The Affair is intriguing in the relationship between its personal and historical plots. While films set in Hitler’s Europe tend to focus on the Holocaust, concentration camps, or battlefronts, this film is unique in its commitment to only the personal and human stories it tells. This cannot be called a Holocaust film or a World War Two film. The Affair allows world events to exist as pervasive, constant considerations in the background of everyday life. This film brings to light the reality that amidst terror and war and a changing, dangerous world, life goes on. Marriages suffer strain, people build homes, bank accounts and summer homes and childcare and dinner plans must all still be considered. This film is firmly a story of two women, their families, their struggles, and their enduring love. Hanna Alstrom and Carice Van Houten each deliver stunning performances as Liesel and Hana, both shining in quiet, introspective, heartbreaking moments of their own and in the intimacy they develop in their scenes together. The war and its danger is only one aspect of the full lives they live together and apart. 

While The Affair does not focus on the political and wartime climate as its own plot point, it informs every step of Hana and Liesel’s story. We see, through the strain put on their individual identities, their relationship, and the opportunities missed in their lives, that the casualties of war go far beyond the literal and the quantifiable. Families are separated, jobs are lost, homes are abandoned, citizens spend years in exile. Through Hana and Liesel’s intertwining narratives, and the interactions they have with others who are struggling to survive, the realities of the war’s far-reaching and profound impact on individuals becomes very real and very human. In this sense, The Affair is a deeply moving study on the domestic side of war–the losses suffered by those forced to endure war as their constant background while they try to simply go about their lives.
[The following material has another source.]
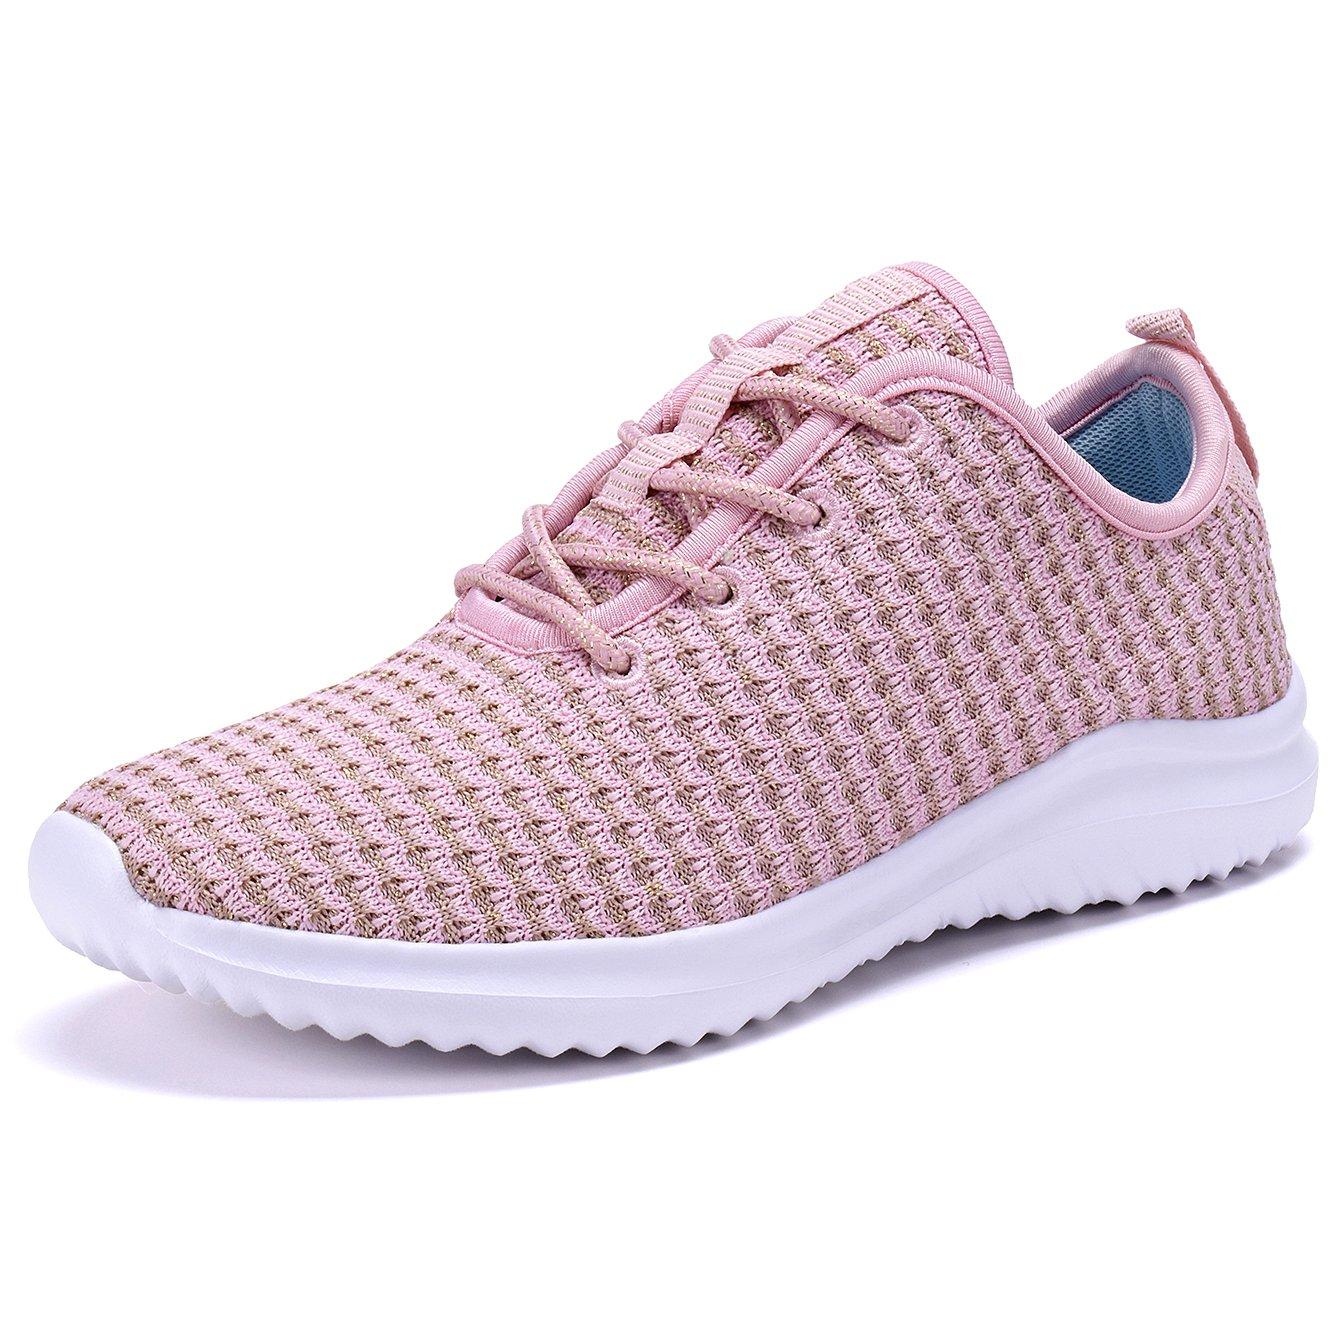 YILAN Women's Fashion Sneakers Casual Sport Shoes PINK-10

Although it includes some compelling and heart wrenching character studies, The Affair struggles to establish time and place. Viewers may find themselves scouring backgrounds of scenes, hallways, and rooms in an attempt to find a clue to ground themselves in the context and setting of each scene. The directing is undoubtedly visually beautiful, casting the house in turns as sleekly modern or forlornly forgotten, as the film progresses through the decades. Director Sevcik’s choices in lighting, color, and particularly which room of the house to place each scene allows the house to come to life not just as a backdrop, but as a part of the story. The “Glass Room” titular to the Booker short-listed novel on which the film is based adds a particular visual opulence which contrasts with the wistful scenes it is home to. The Landauer home itself becomes a character, changing as time passes and grounding audiences in a location we know. The home, meant to be a cornerstone for the Landauer family to grow and thrive, instead becomes the directorial centerpiece and ever-present witness for the trials of Liesel and Hana. The structure of the film is fleeting, moving abruptly between the storylines of the two women, and hurtling forward through time without warning. In managing to capture the vast scope of two women’s adulthoods, viewers may lose touch with the small nuances of the characters’ experiences. The broad brushstrokes and intimate characterizations are stunning, but the pace and jumps through time can be disorienting.
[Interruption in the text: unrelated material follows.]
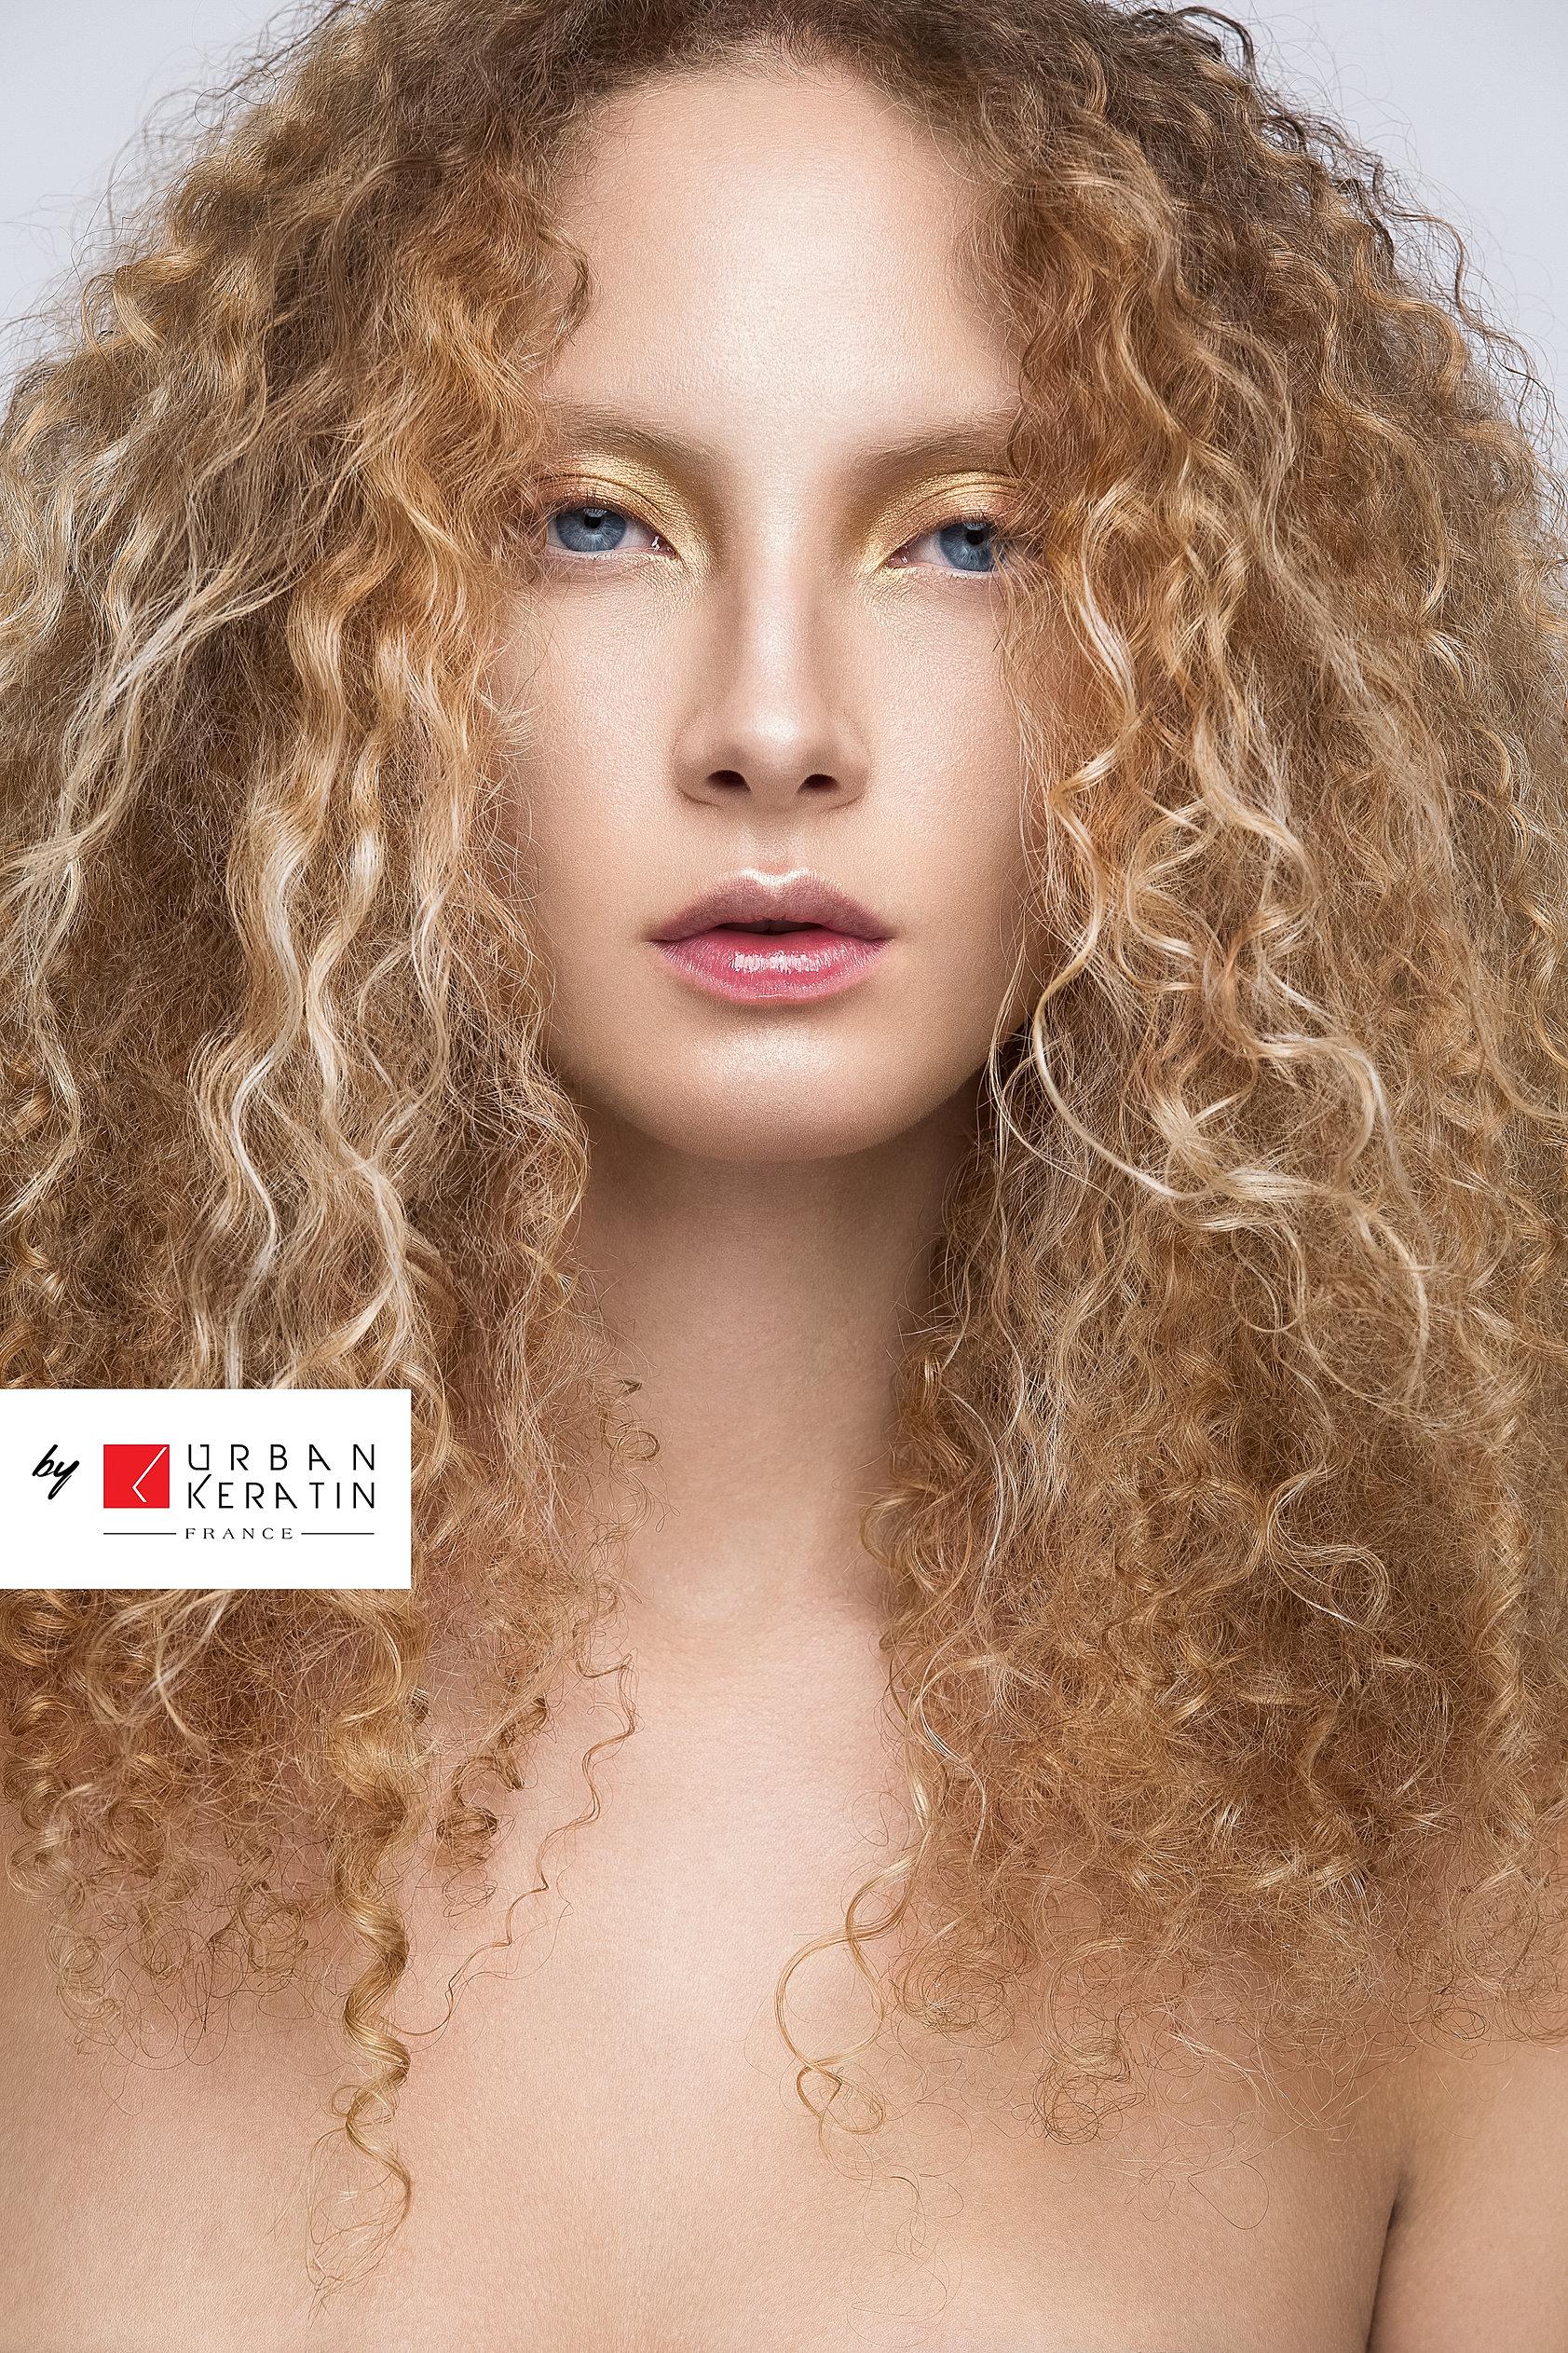 Pascal LATIL Photographe Coiffure - Mode & Beauté | Urban Keratin

As a holistic product, The Affair suffers from a lack of clarity on the passage of time and space. Viewers will unfortunately be pulled away from the intimacy of the acting and character development to attempt to reorient themselves in the year and location of each new scene as it comes. The film’s strengths are commendable, but as a story it can feel lacking in cohesive development. In spite of the struggle to remain immersed in the film from scene to scene, the characters and their love for each other are compelling. The acting performances are beautiful, containing stunning monologues and silent, intimately introspective scenes. The struggles of the characters seem to matter, in no small part thanks to the message that the costs of war extend in sweeping scope across countries, decades, and entire lives–often in deeply individual and personal ways that cannot be seen from the outside.